My Black Miami Matters Tour combines the most scenic with the most historic places in Miami. As the gateway to Latin America and the Caribbean, Black Miami has a mixture of US influences along with Bahamian, Jamaican, Cuban, Honduran, Haitian, Puerto Rican, Dominican, Seminole, Miccosukee, and Latin American influences.

I am particularly obsessed with the 309 years of Spanish History Tallahassee hides from us.  In 1693 the King of Spain declared East Florida and West Florida to be “Slave Sanctuaries” whereby by slave escaping British America could live in Florida as a free person.  The Underground Railroad went south way before it went north. 

Sites are:

This sightseeing tour can be booked online using the standard city tour of 3.5 hours.  There are 4 stops highlighted, meaning there is no way we finish in 3.5 hours. Extra charges apply at $75 an hour.

This is my best Miami sightseeing tour, the most scenic and historic. Tour misses the mansions of Coral Gables, only covering the Black Gables, a piece of the Gables locals don’t even know about.

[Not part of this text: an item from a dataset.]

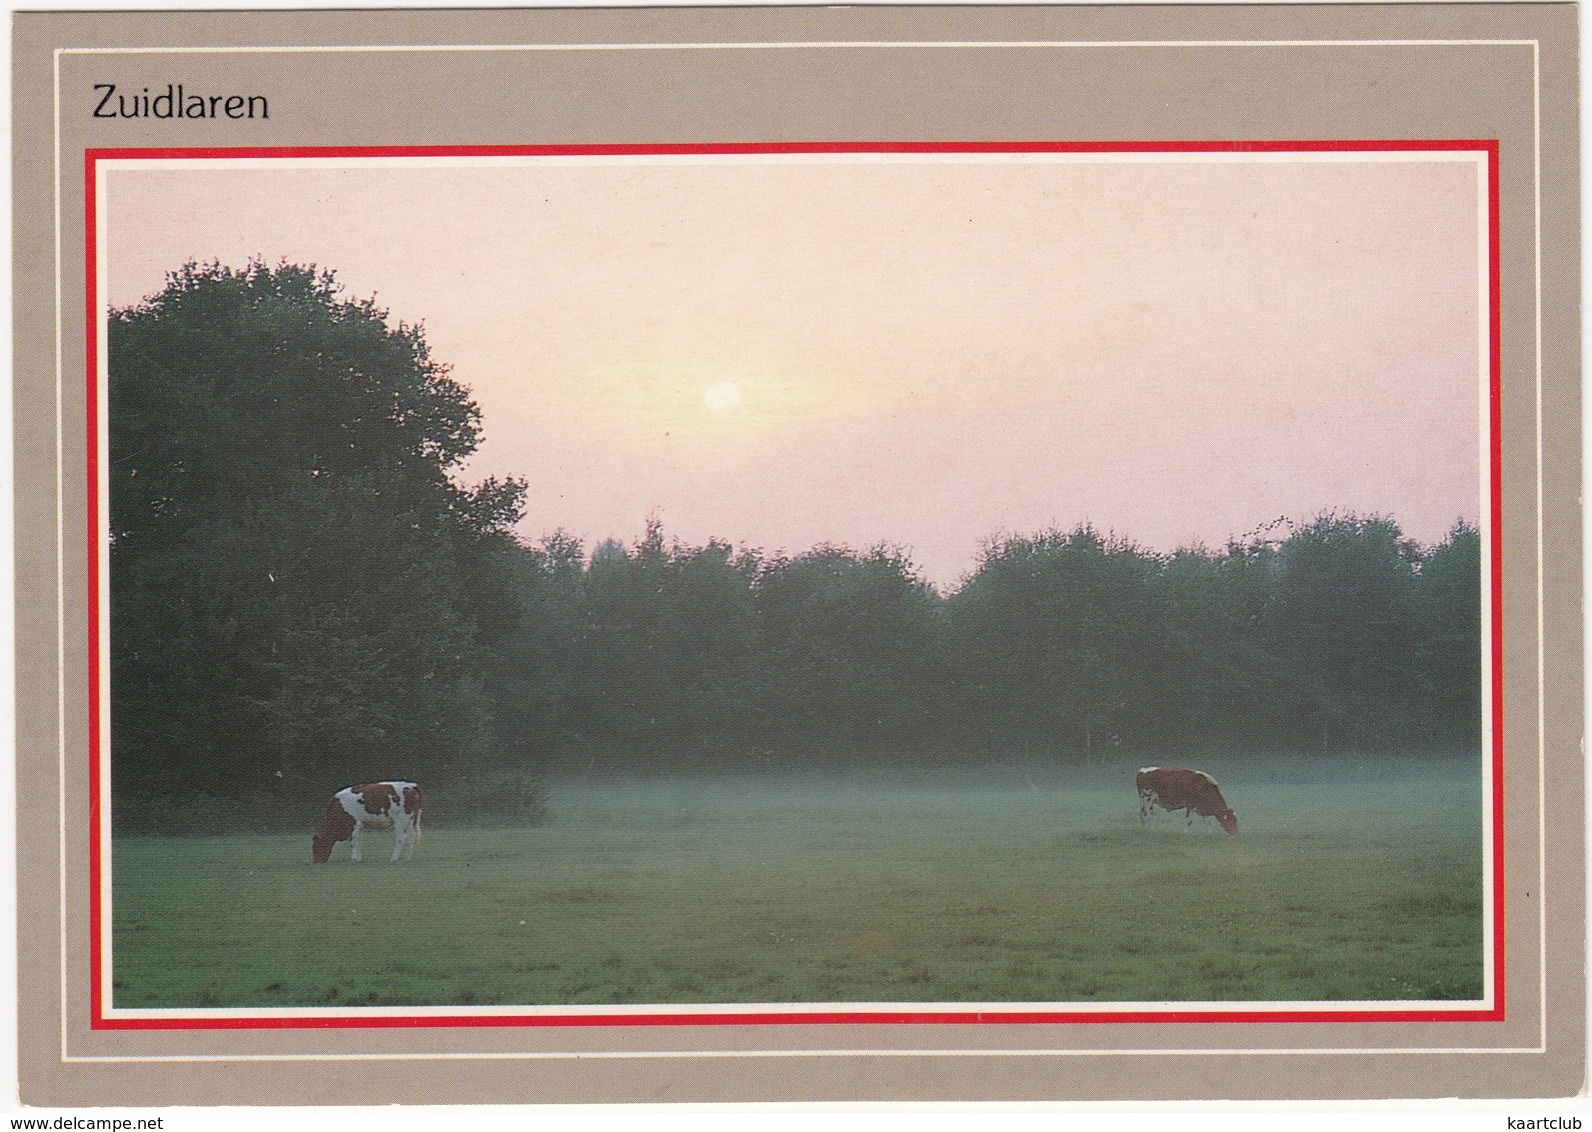 Zuidlaren - Rood-bonte Koeien In De Grondmist  - (Drenthe,Holland/Nederland) - Zuidlaren
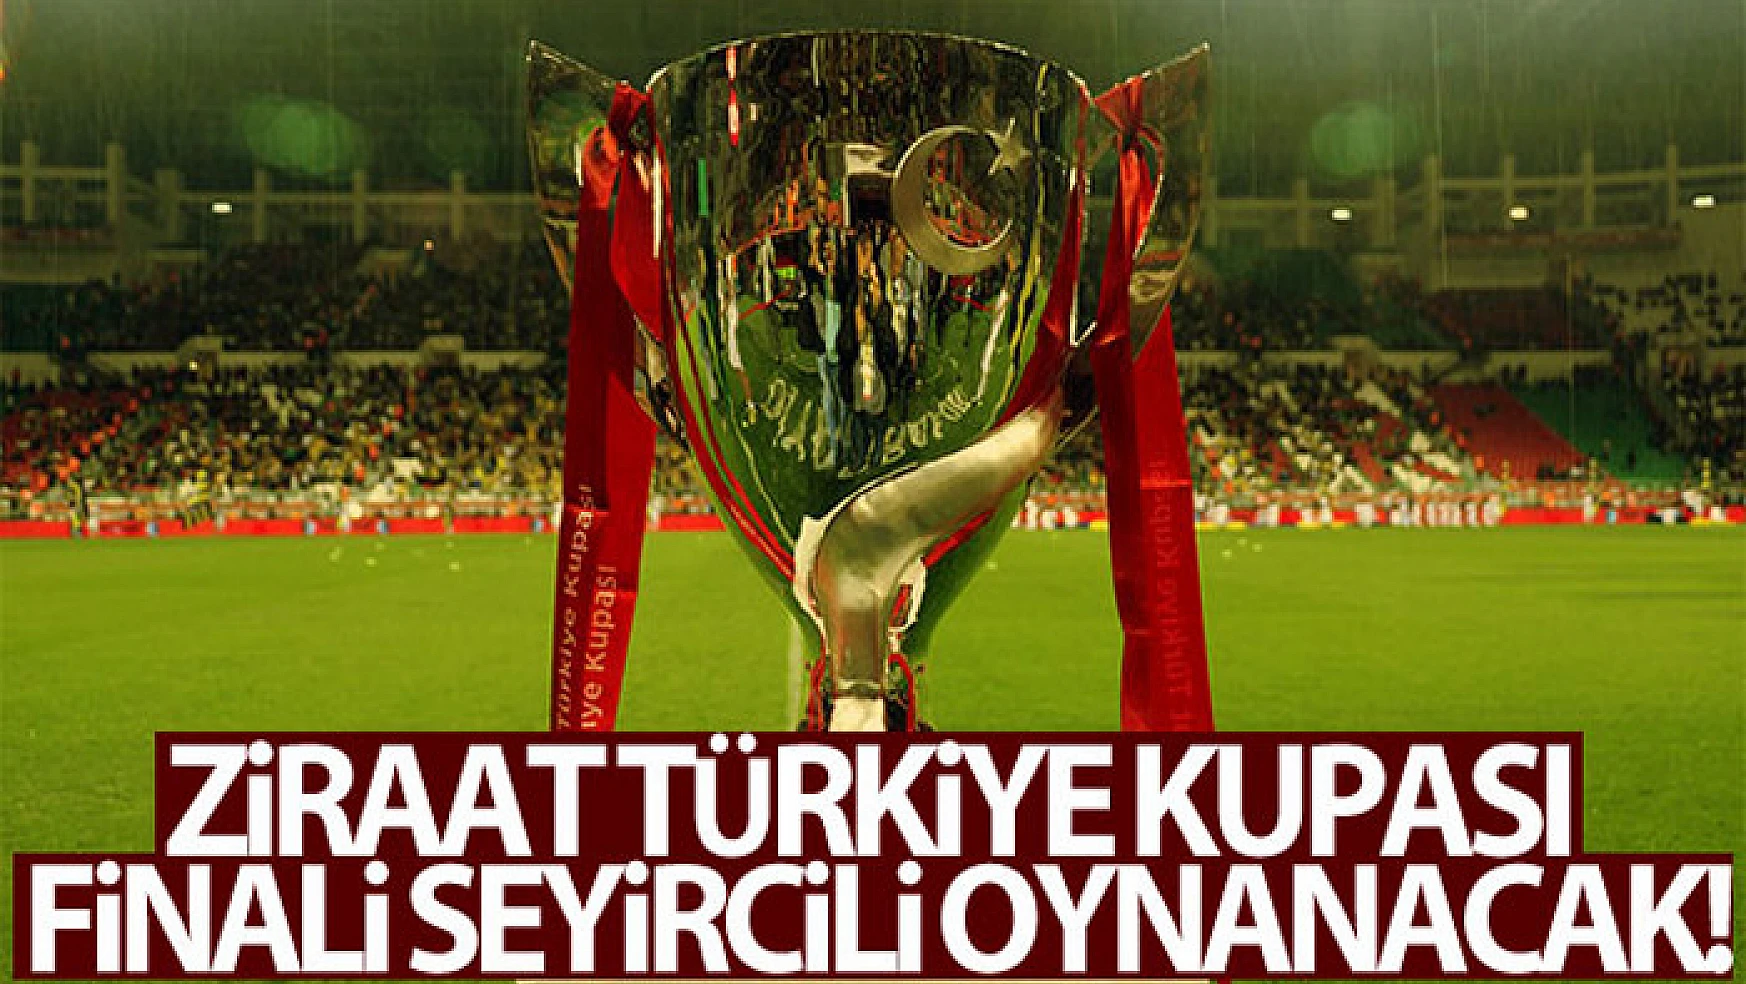 Ziraat Türkiye Kupası finali seyircili oynanacak!

  • Key Biscayne Lighthouse – A National Underground Railroad Monument. Maybe my favorite stop on any tour.
  • Virginia Key Beach – The Official “Colored Beach” of Miami since WWII.
  • Bahamian Coconut Grove (Village West) – Home to many 4th and 5th generation Grove families, Shotgun homes, Father Gibson’s church,  GW Carver k-8, Stirrup House and the cemetery where Thriller was filmed.
  • Overtown – Once known as the “Harlem of the South”. The Dorsey home and across the street Hampton University’s spectacular art exhibit by Elizabeth Catlett make a great stop. Black Police Precinct is another must stop.
  • Wynwood – The graffiti artist capital of the world, once a Puerto Rican neighborhood.  Also a must stop.
  • Liberty City/Little River/Lemon City/ Little Haiti.  Even the locals get confused where one ends and the other begins!  Rapid gentrification! More Art Deco architecture than anywhere but South Beach.
  • Pork n Beans Housing Project and Northwestern High, where Oscar winning film Moonlight was homegrown.
  • Two other important neighborhoods can be added by special request, Opa Locka and Brownsville.